You're looking at Less Wrong's discussion board. This includes all posts, including those that haven't been promoted to the front page yet. For more information, see About Less Wrong.

IlyaShpitser comments on [link] New essay summarizing some of my latest thoughts on AI safety - Less Wrong Discussion

14 Post author: Kaj_Sotala 01 November 2015 08:07AM

You are viewing a comment permalink. View the original post to see all comments and the full post content.

Comments (27)

You are viewing a single comment's thread.

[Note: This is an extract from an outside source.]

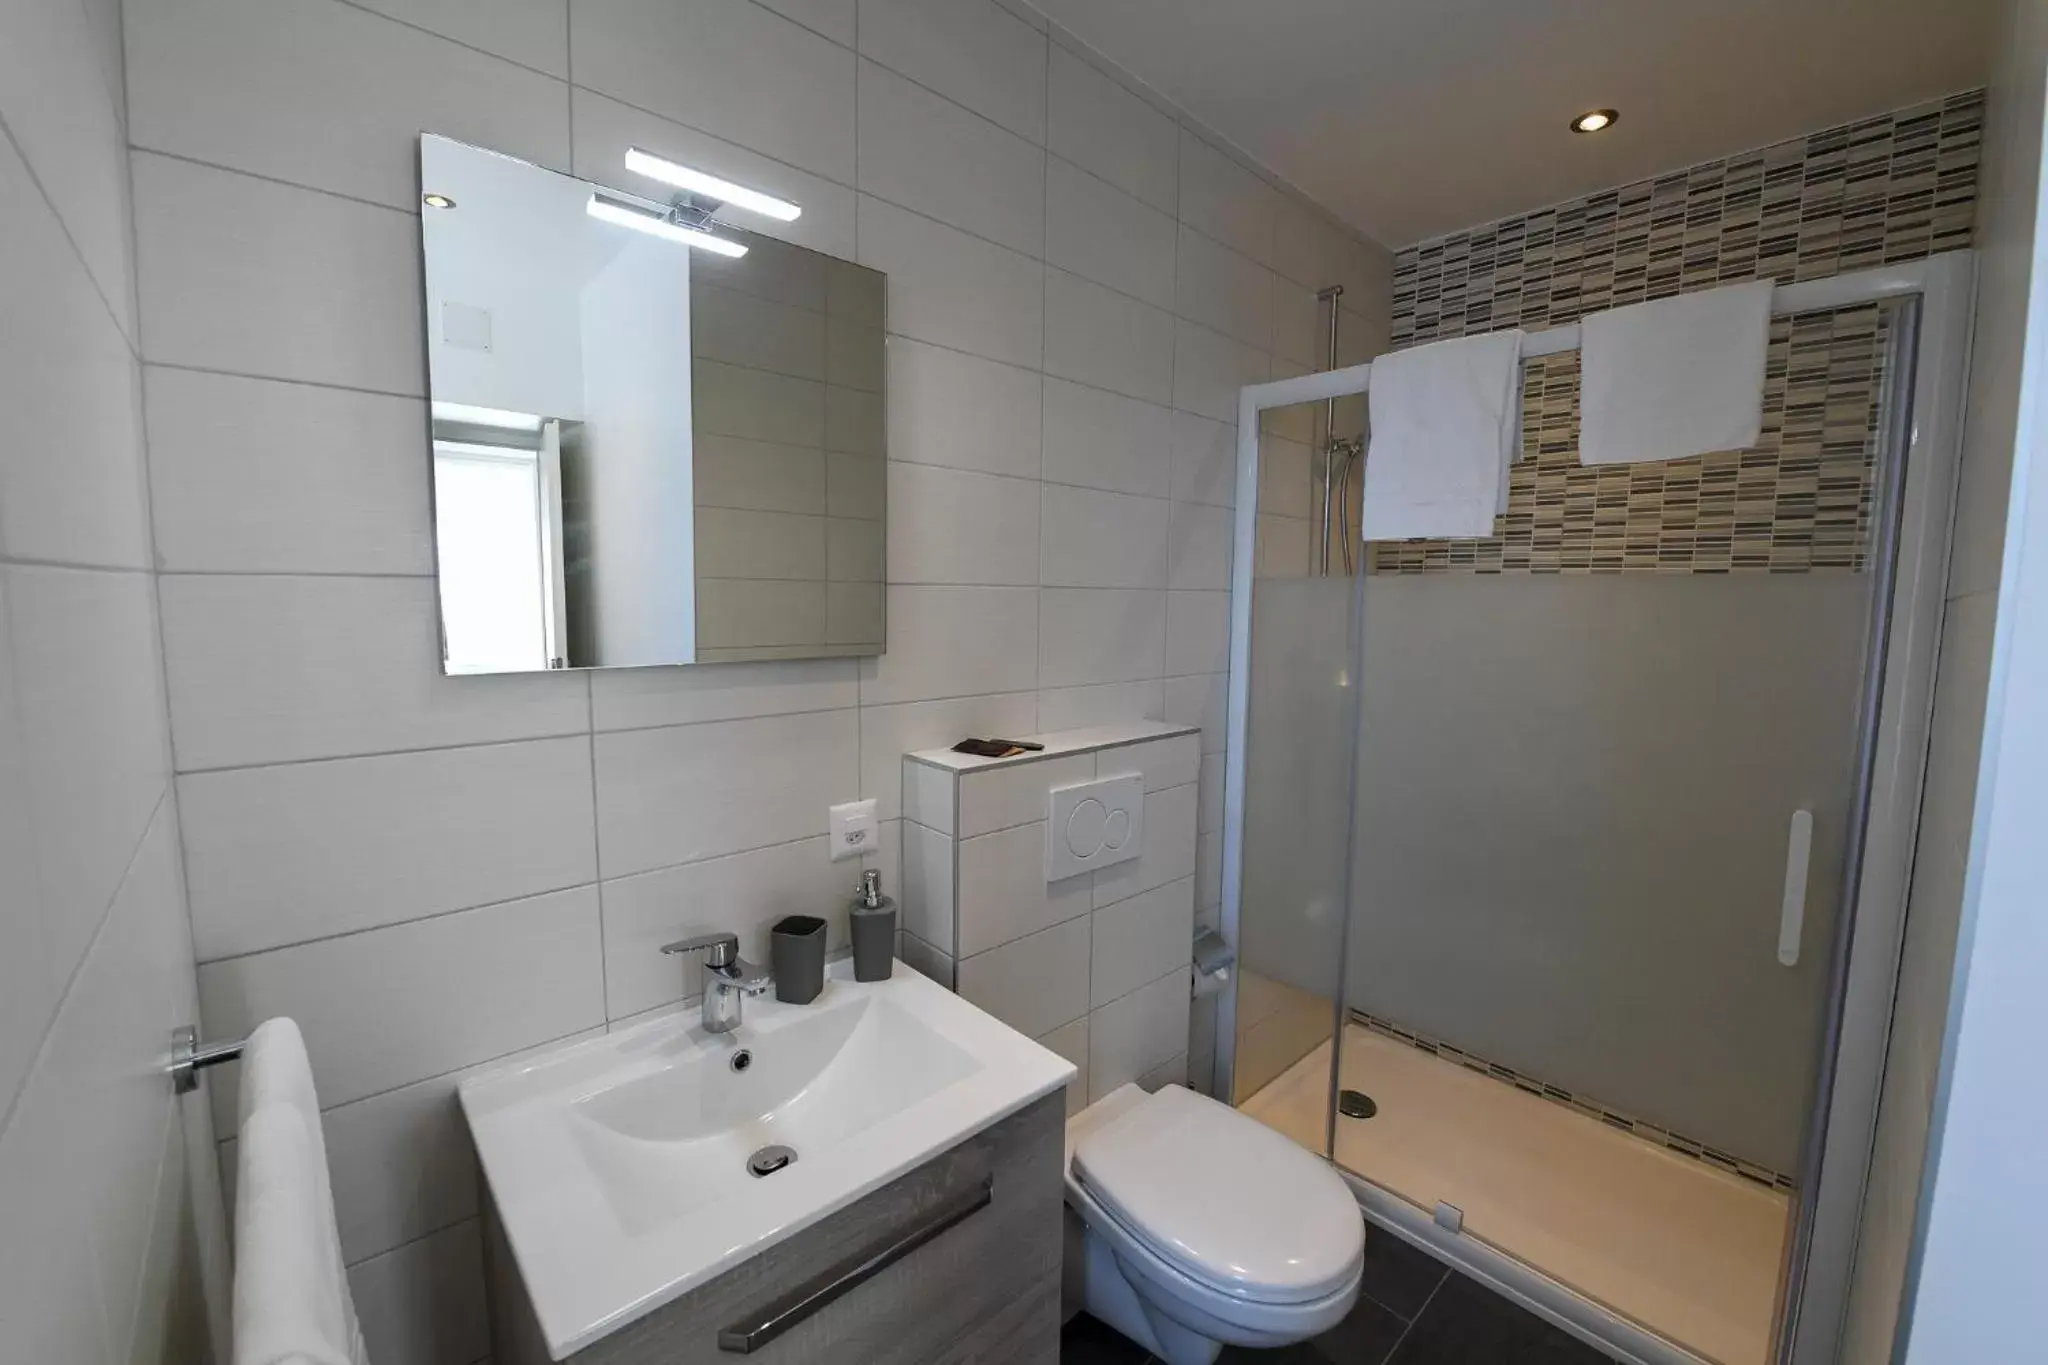 Bathroom in Hotel de France
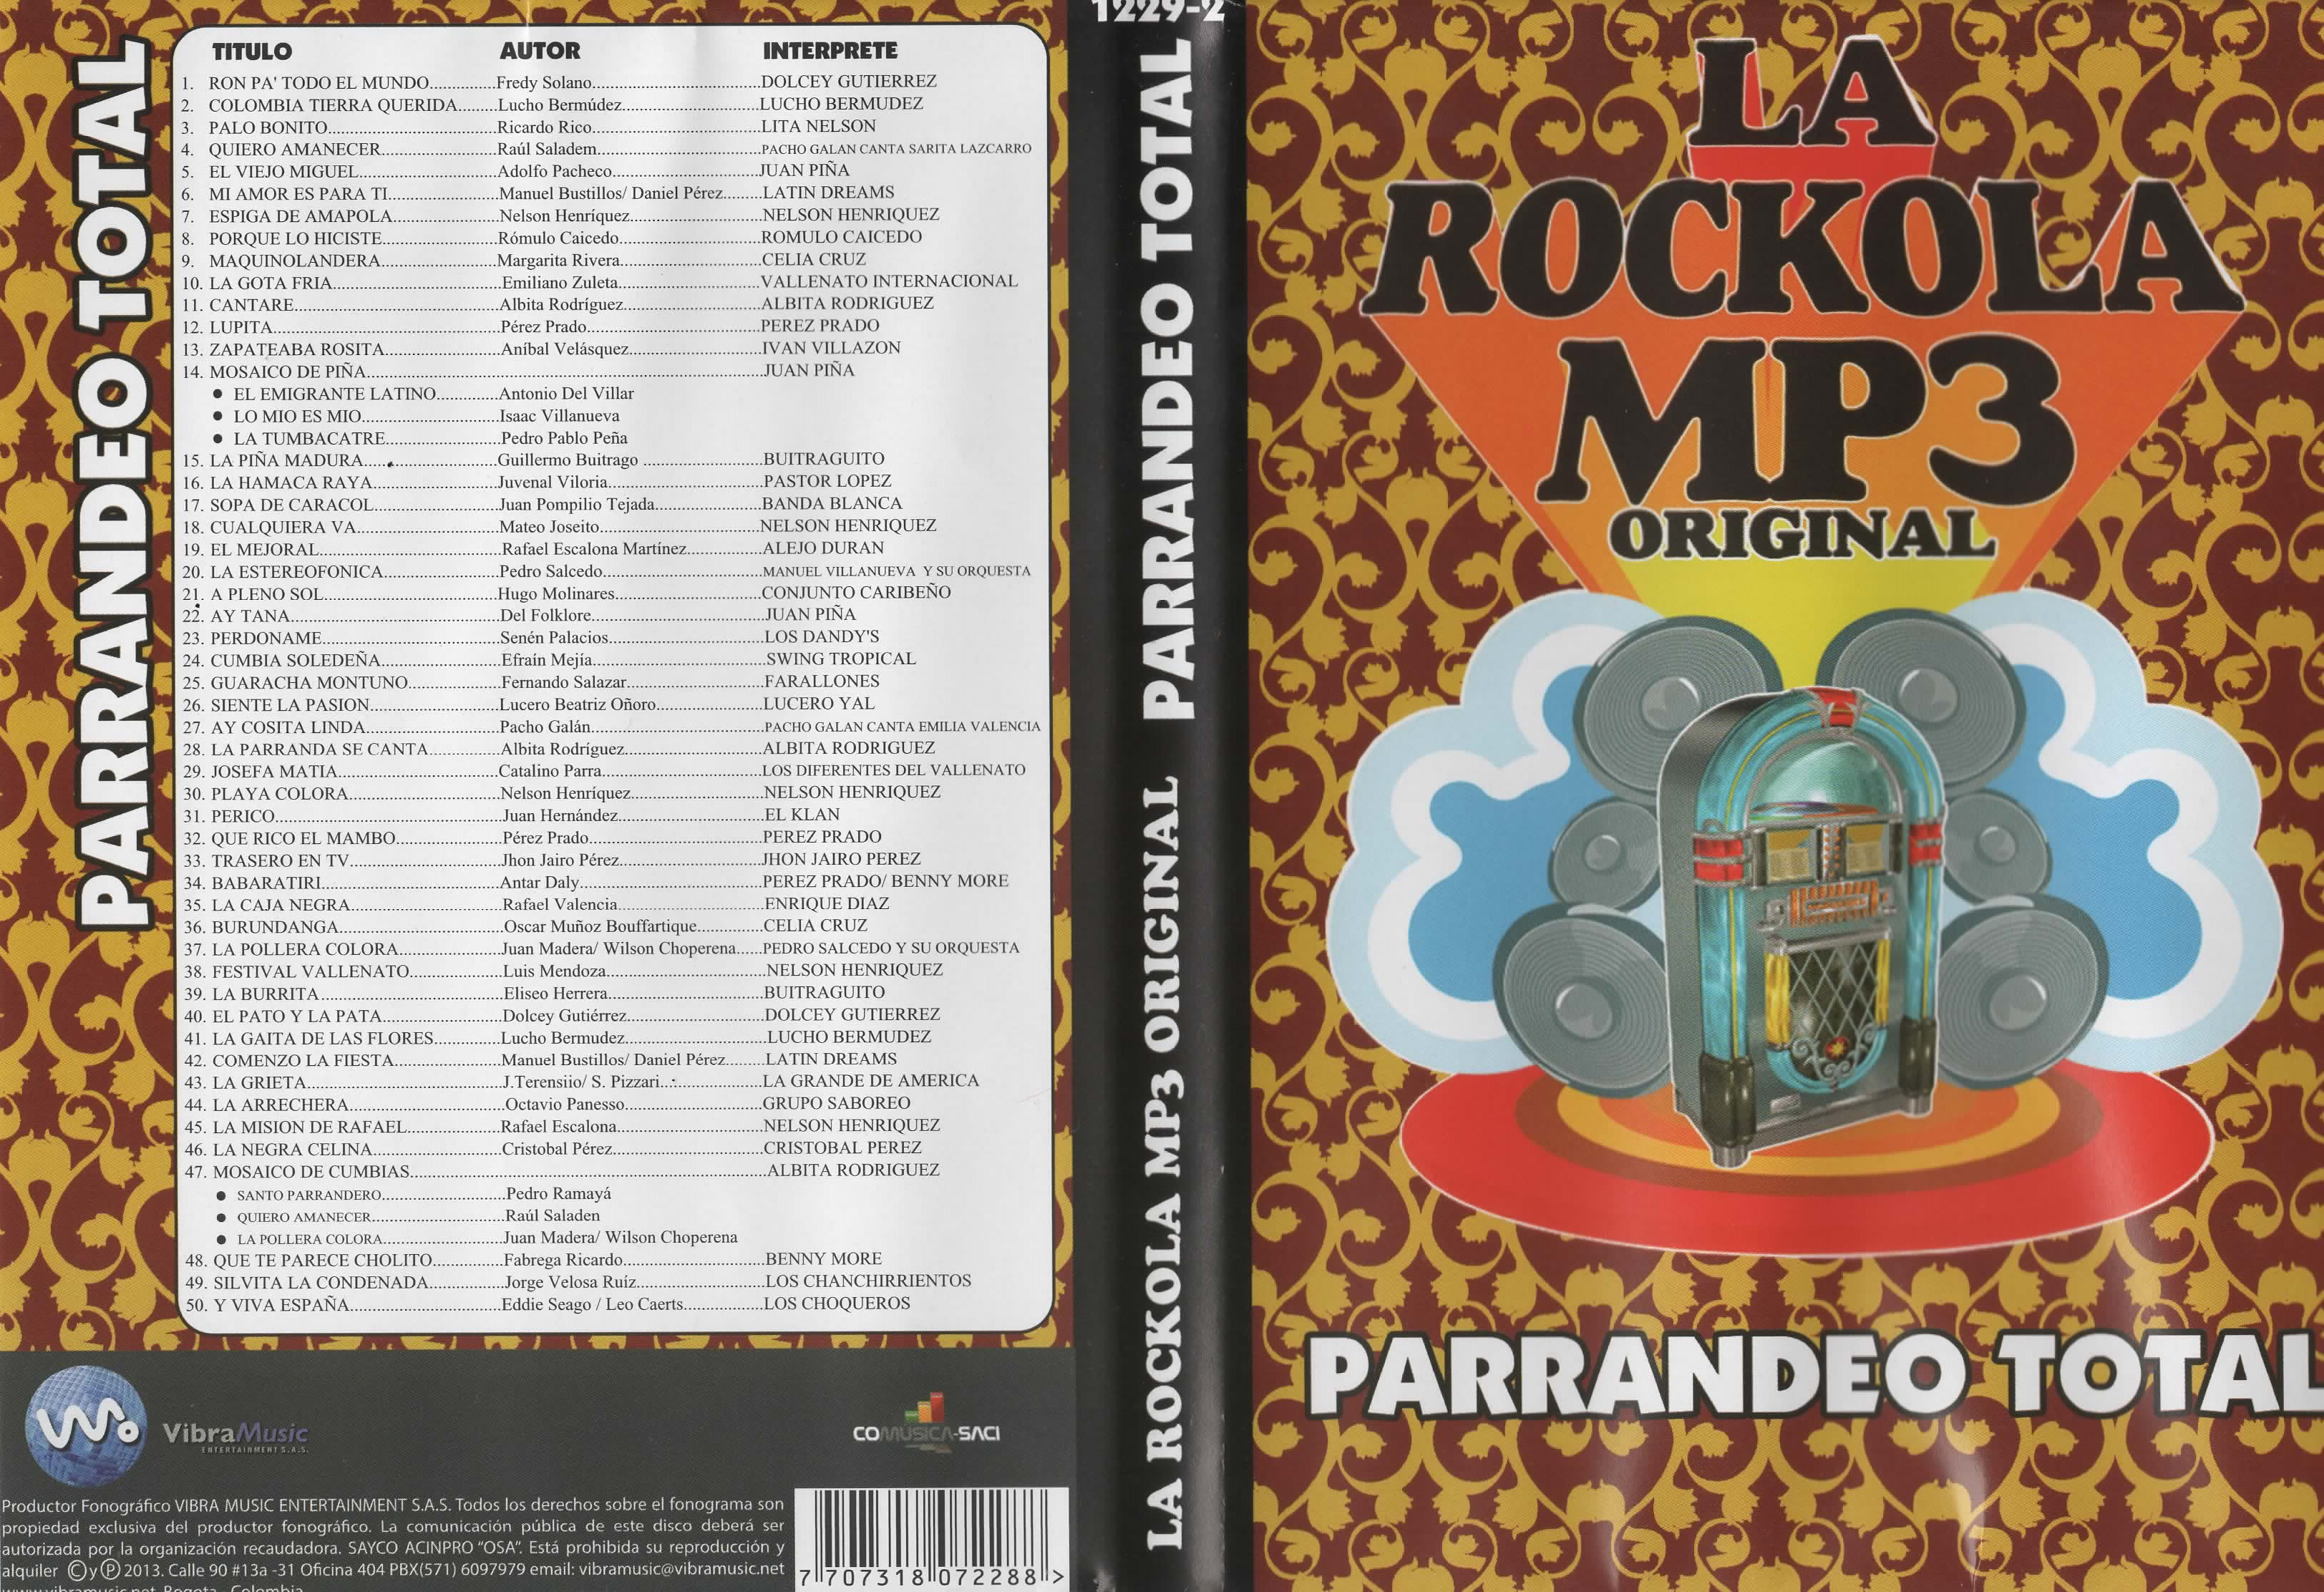 DVD La rockola mp3 original - Parrandeo total

Show more comments above.

Comment author: Wei_Dai 02 November 2015 07:12:25AM *  7 points [-]

Few people, when learning their values in childhood, ended up considering examples such as this one and explicitly learning that they were wrong. Yet the persuasive power of that example comes from most people instantly reject the desirability of the dopamine drip scenario when it’s suggested to them.

I for one don't "instantly reject" the desirability of this scenario. I think it's a difficult philosophy problem as to whether dopamine drip is desirable or not. My worry is that either the AI will not be as uncertain as I am about it, or it will not handle or resolve the normative uncertainty in the same way as I would or should.

Today's machine learning algorithms tend to be unreasonably certain (and wrong) about inputs very different from their training data, but that is perhaps just due to machine learning researchers currently focusing mostly on commercial settings where inputs are rarely very different from training data, and there aren't terrible consequences for getting things wrong. So maybe we can expect this to improve in the future as researchers start to focus more on safety.

But even if we manage to build an AI that is properly uncertain about whether something like the dopamine drip scenario is good or bad, how do we get it to resolve its uncertainty in the right way, especially if its creators/owners are also uncertain or possibly wrong so it can't just ask? Resolving the uncertainty incorrectly or getting the uncertainty permanently frozen into its utility function seem to be two big risks here. So I worry just as much about the reverse maverick nanny scenario, where we eventually, after centuries of philosophical progress, figure out that we actually do want to be put on dopamine drips, but the AI says "Sorry, I can't let you do that."

Comment author: IlyaShpitser 02 November 2015 03:14:18PM *  3 points [-]

Today's machine learning algorithms tend to be unreasonably certain (and wrong) about inputs very different from their training data

Read about covariate shift. (More generally ML people are getting into systematic biases now, including causal inference, in a big way).


This has little to do with AGI, though.